Everything from the line holding "This is a perfect" through the last line of the listing needs to be repeated exactly, with no other lines.

Data to process
╔══

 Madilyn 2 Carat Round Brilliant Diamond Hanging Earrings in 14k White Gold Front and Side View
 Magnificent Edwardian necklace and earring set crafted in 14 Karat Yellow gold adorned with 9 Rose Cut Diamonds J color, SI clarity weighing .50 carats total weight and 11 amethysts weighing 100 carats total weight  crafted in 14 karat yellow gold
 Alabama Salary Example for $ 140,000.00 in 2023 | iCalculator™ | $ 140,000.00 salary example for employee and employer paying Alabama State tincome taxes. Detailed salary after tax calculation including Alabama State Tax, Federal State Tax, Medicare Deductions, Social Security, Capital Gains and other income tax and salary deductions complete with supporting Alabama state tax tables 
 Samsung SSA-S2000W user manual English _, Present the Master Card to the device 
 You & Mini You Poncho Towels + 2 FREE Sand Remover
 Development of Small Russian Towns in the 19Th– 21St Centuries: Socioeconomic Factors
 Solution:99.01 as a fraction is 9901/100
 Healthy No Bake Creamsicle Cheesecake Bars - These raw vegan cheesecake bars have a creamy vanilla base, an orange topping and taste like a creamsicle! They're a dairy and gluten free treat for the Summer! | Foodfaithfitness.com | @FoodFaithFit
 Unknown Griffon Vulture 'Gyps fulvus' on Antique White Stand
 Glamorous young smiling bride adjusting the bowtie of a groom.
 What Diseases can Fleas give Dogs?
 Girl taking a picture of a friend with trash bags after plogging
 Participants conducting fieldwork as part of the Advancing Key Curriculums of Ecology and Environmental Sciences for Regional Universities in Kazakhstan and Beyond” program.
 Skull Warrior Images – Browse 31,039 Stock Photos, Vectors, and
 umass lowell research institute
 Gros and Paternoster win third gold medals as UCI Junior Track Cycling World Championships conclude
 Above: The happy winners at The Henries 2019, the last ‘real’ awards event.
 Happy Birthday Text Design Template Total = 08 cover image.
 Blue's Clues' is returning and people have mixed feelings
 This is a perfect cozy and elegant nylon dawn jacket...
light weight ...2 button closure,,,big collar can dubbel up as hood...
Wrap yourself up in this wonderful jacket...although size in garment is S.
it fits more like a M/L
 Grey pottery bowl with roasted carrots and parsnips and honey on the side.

╚══

Output of the task
 This is a perfect cozy and elegant nylon dawn jacket...
light weight ...2 button closure,,,big collar can dubbel up as hood...
Wrap yourself up in this wonderful jacket...although size in garment is S.
it fits more like a M/L
 Grey pottery bowl with roasted carrots and parsnips and honey on the side.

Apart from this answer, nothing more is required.